The input
--------

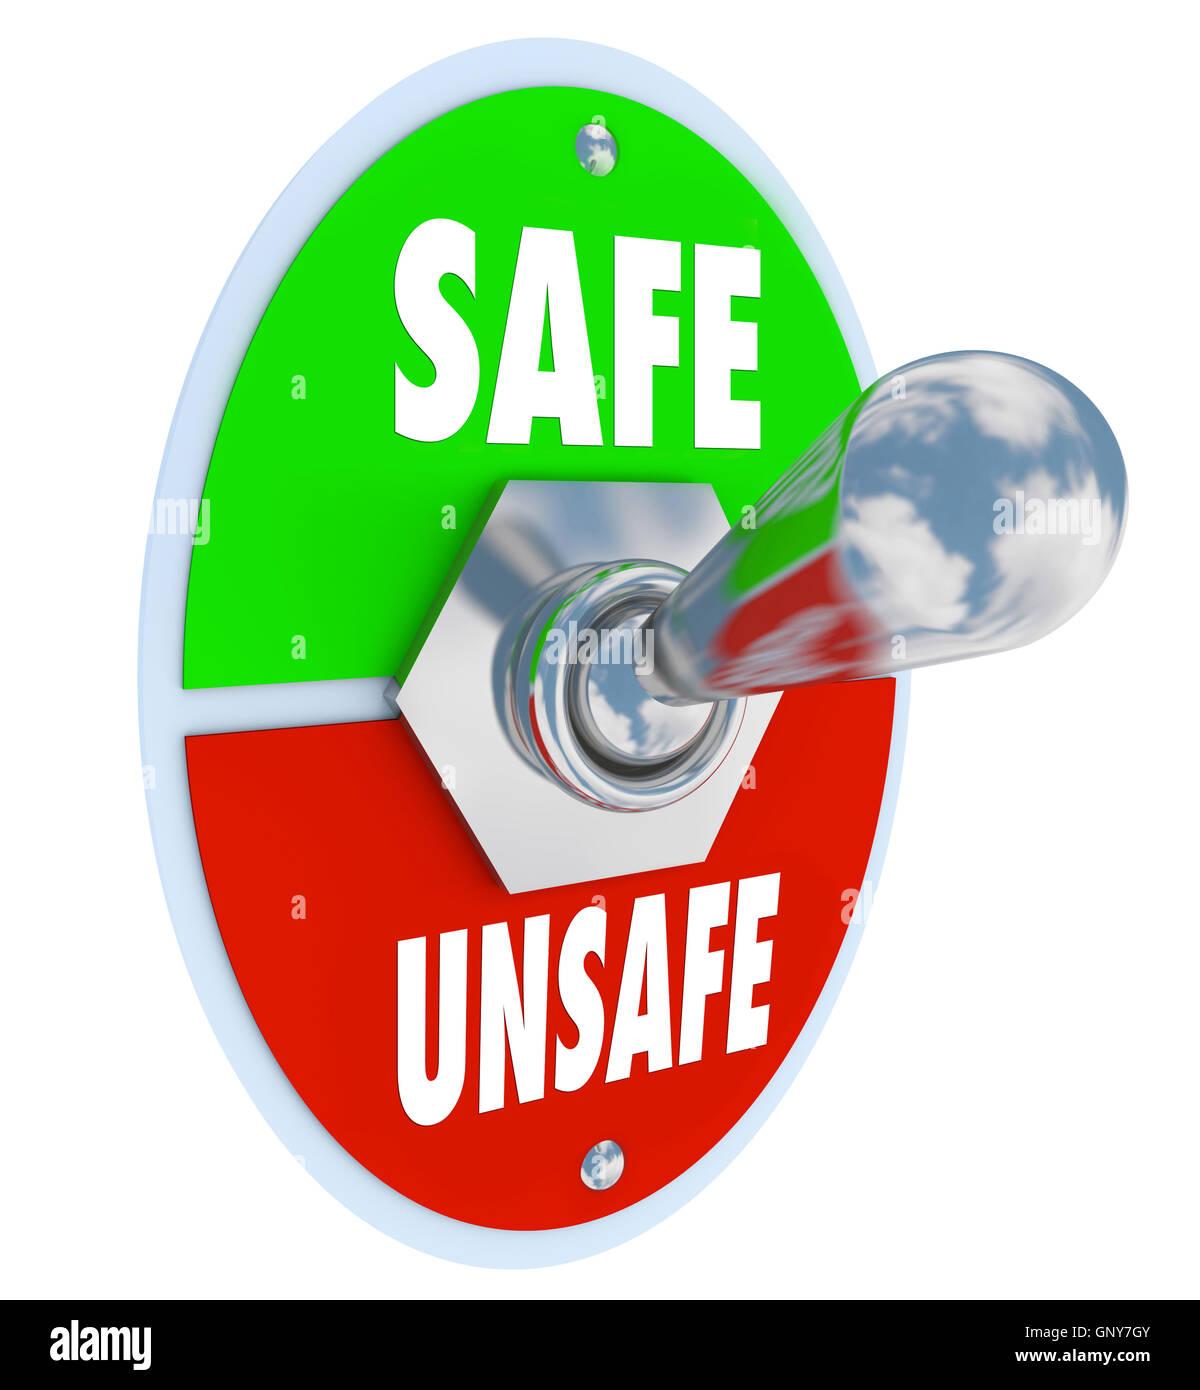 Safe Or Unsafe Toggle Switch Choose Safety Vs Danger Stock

--------

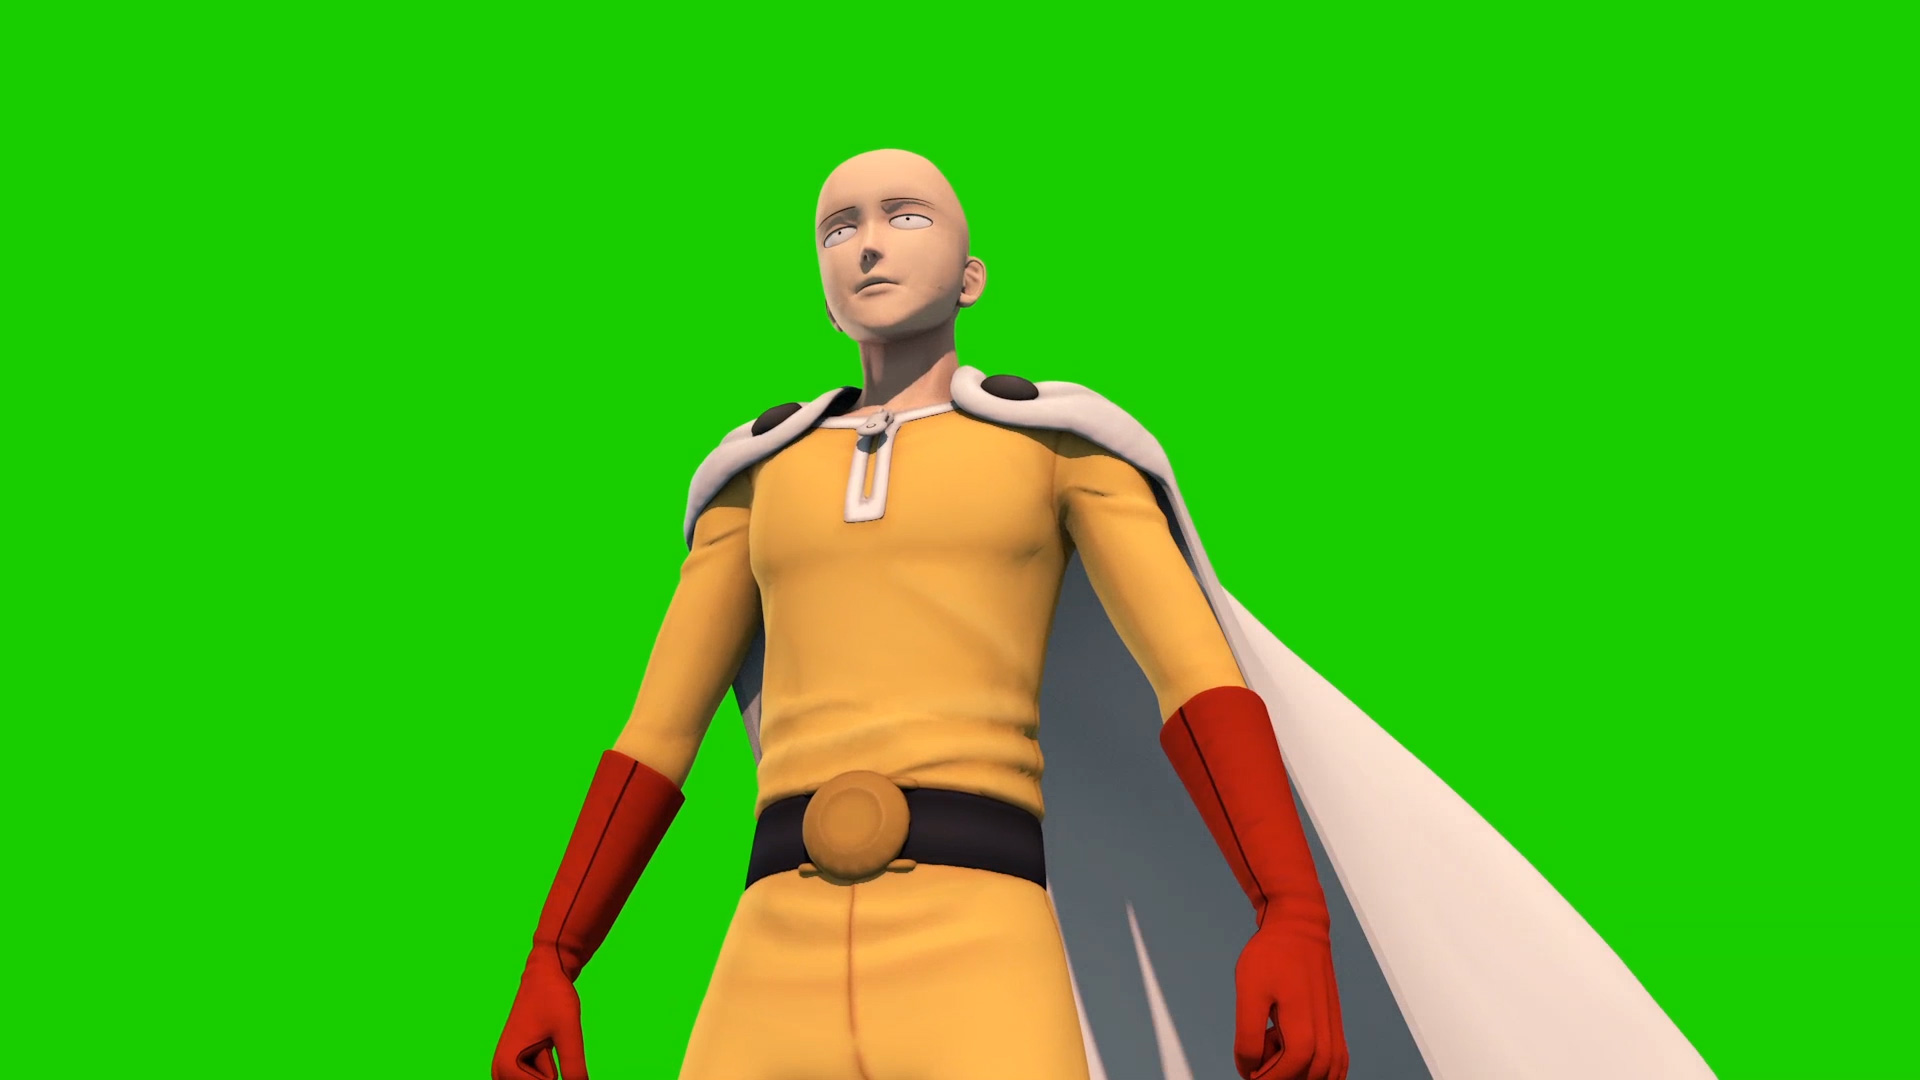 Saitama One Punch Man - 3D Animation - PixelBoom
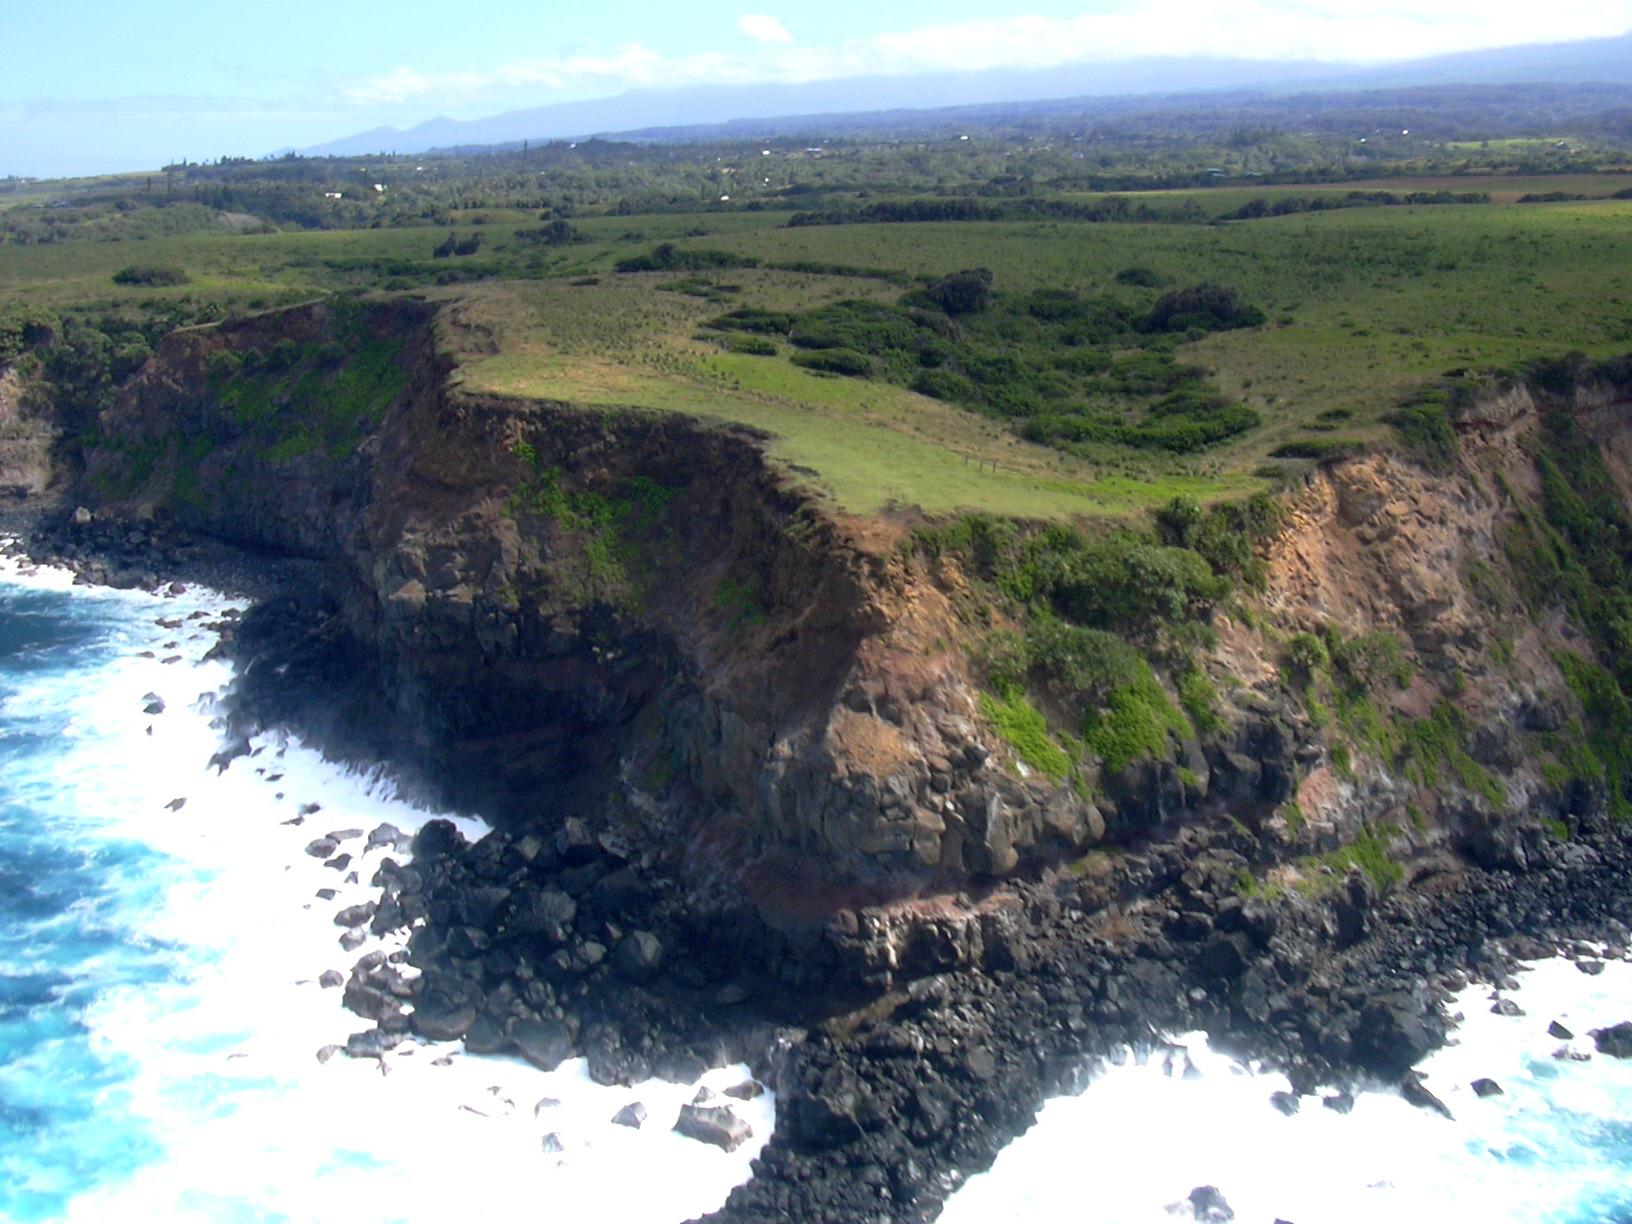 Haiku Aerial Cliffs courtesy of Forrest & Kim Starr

--------

About this exercise
Of the records above, print only the lines from the one containing "Saitama One Punch" through the one containing "Haiku Aerial Cliffs", inclusive and unaltered, leaving out pictures.

Reply to the task
 Saitama One Punch Man - 3D Animation - PixelBoom
 Haiku Aerial Cliffs courtesy of Forrest & Kim Starr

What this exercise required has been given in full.